Annual Secretarial Compliance Report
The Annual Secretarial Compliance Report is a certification mandated by SEBI through a circular, requiring listed entities to obtain a report from a practising Company Secretary confirming compliance with all applicable SEBI regulations, circulars, and guidelines during the financial year, and to submit it to stock exchanges within 60 days of the financial year-end.
The Annual Secretarial Compliance Report (ASCR) was introduced by SEBI vide a circular dated 8 February 2019, effective from the financial year ending 31 March 2019. It is distinct from the Secretarial Audit Report required under Section 204 of the Companies Act, 2013 — while the latter covers compliance with Companies Act provisions, the ASCR focuses exclusively on SEBI regulations.
The ASCR must be prepared and certified by a practising Company Secretary (PCS) who is not associated with the company as an employee or director. The PCS examines the listed entity's compliance across a comprehensive checklist covering SEBI Act, SEBI LODR Regulations, SEBI PIT Regulations, SEBI (Substantial Acquisition of Shares and Takeovers) Regulations (Takeover Code), SEBI (Issue of Capital and Disclosure Requirements) Regulations (ICDR), SEBI (Buy-Back of Securities) Regulations, SEBI (Delisting) Regulations, and various other applicable circulars and guidelines.
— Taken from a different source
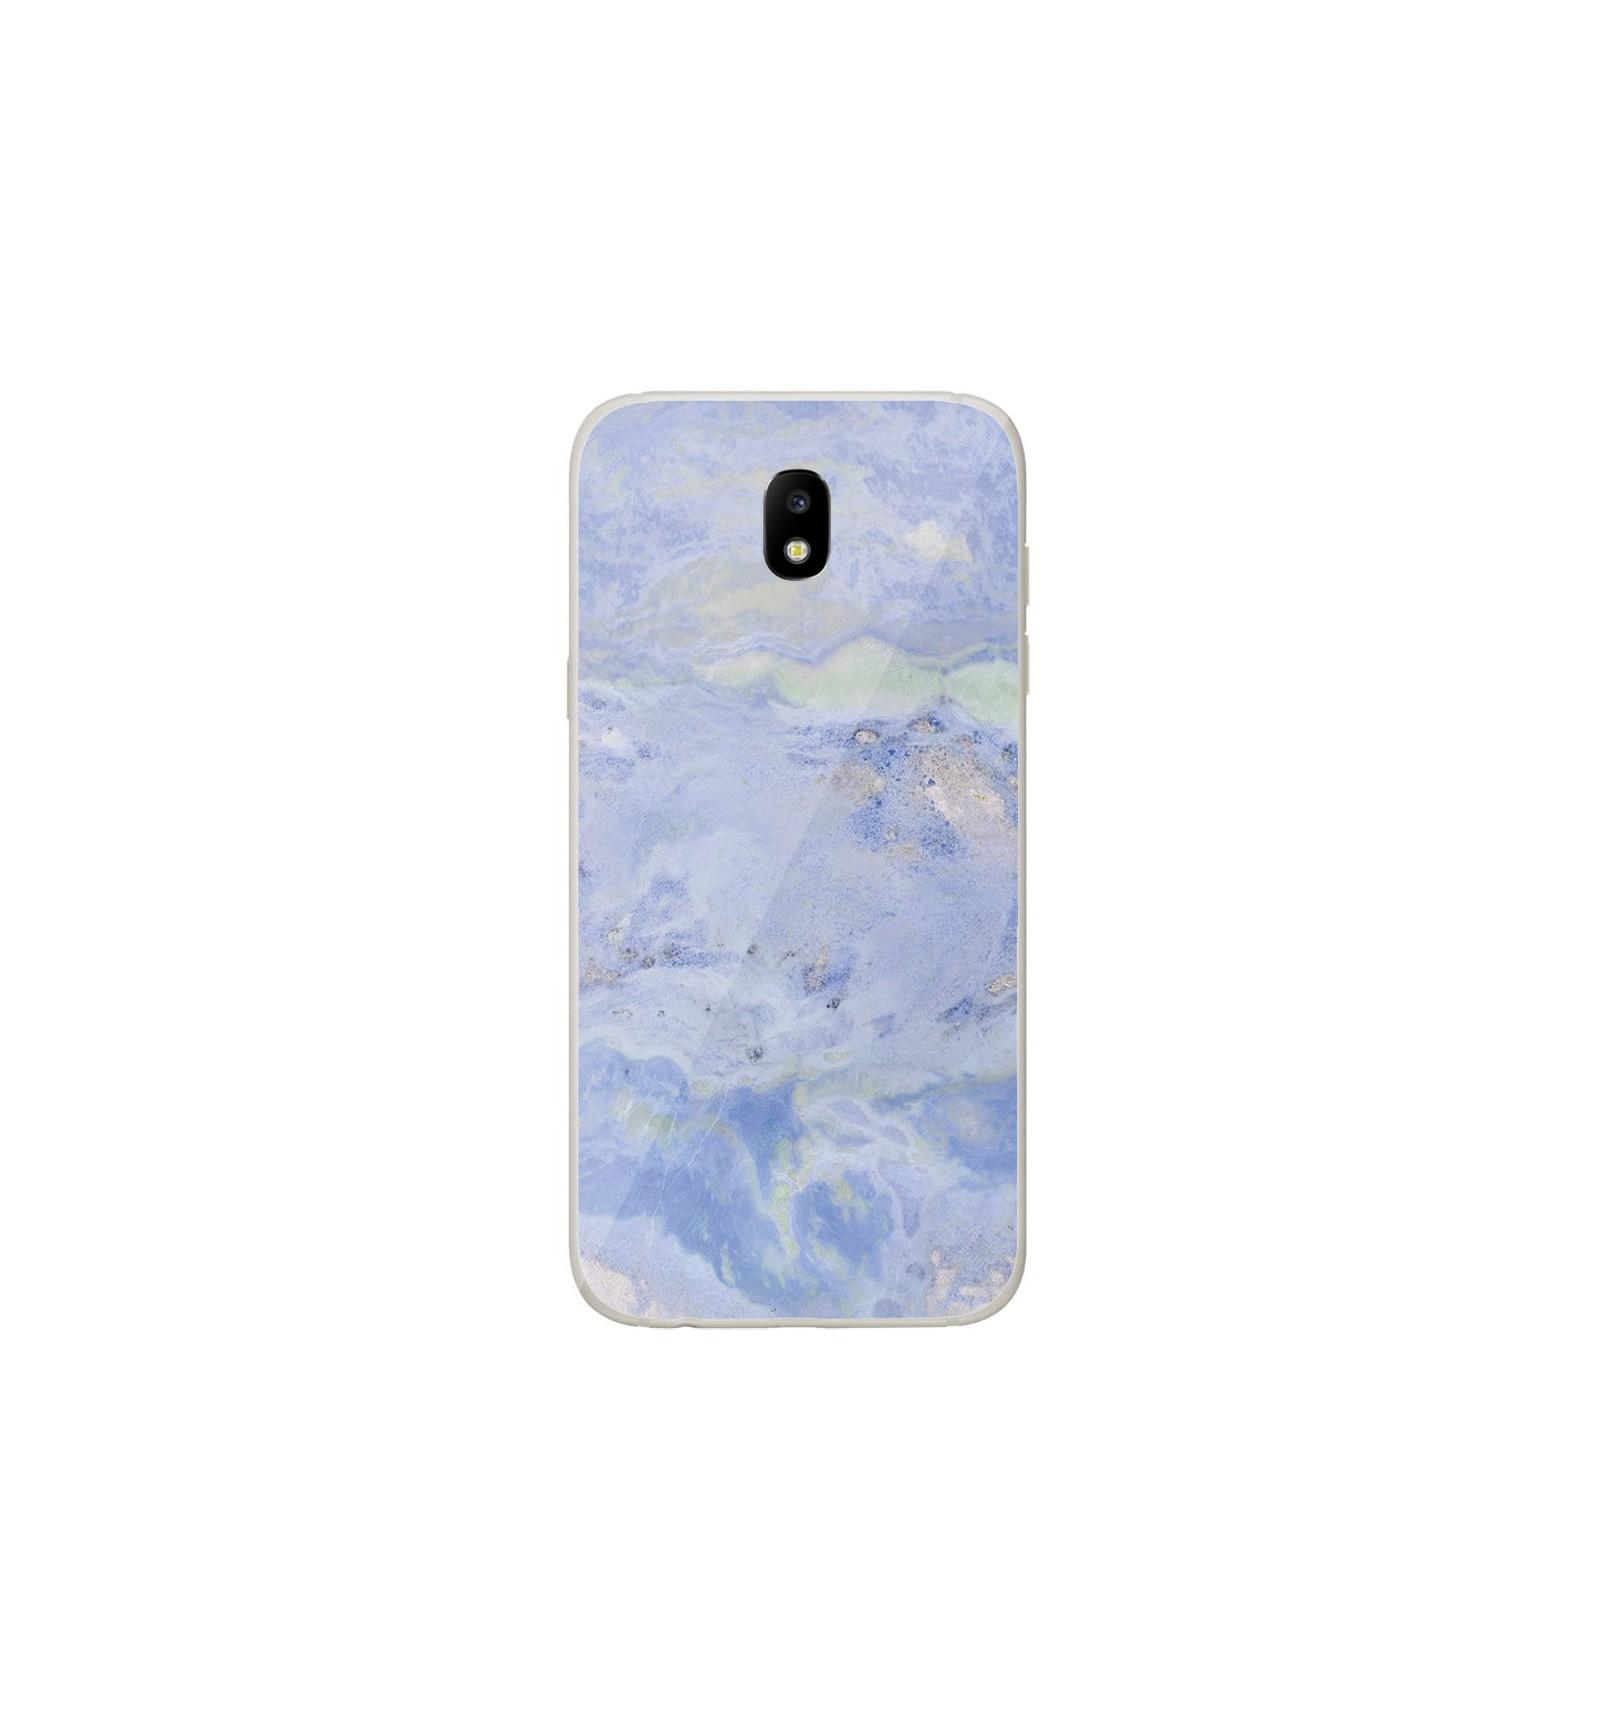 coque galaxy j5 2017 marbre

The report format requires the PCS to confirm compliance or, in case of non-compliance, specifically identify the regulation violated, the details of the violation, and the steps taken by the company to rectify it. This makes the ASCR a risk-flagging document — a clean ASCR signals strong regulatory hygiene, while one with qualifications alerts the exchange, SEBI, and investors to potential compliance lapses.
The submission deadline is 60 days from the end of the financial year, meaning by 31 May for March year-end companies. The report must be filed through the exchange's online compliance filing system and is publicly available in the company's exchange filings. Non-submission or delayed submission can attract SEBI action under LODR.
The ASCR has effectively elevated the secretarial audit function from a routine statutory exercise to a forward-looking compliance monitoring tool. Investment analysts and governance researchers use it alongside the Corporate Governance Report to evaluate the quality of a listed company's compliance infrastructure. Deviations noted in ASCRs are tracked year-over-year to assess whether management is serious about regulatory adherence.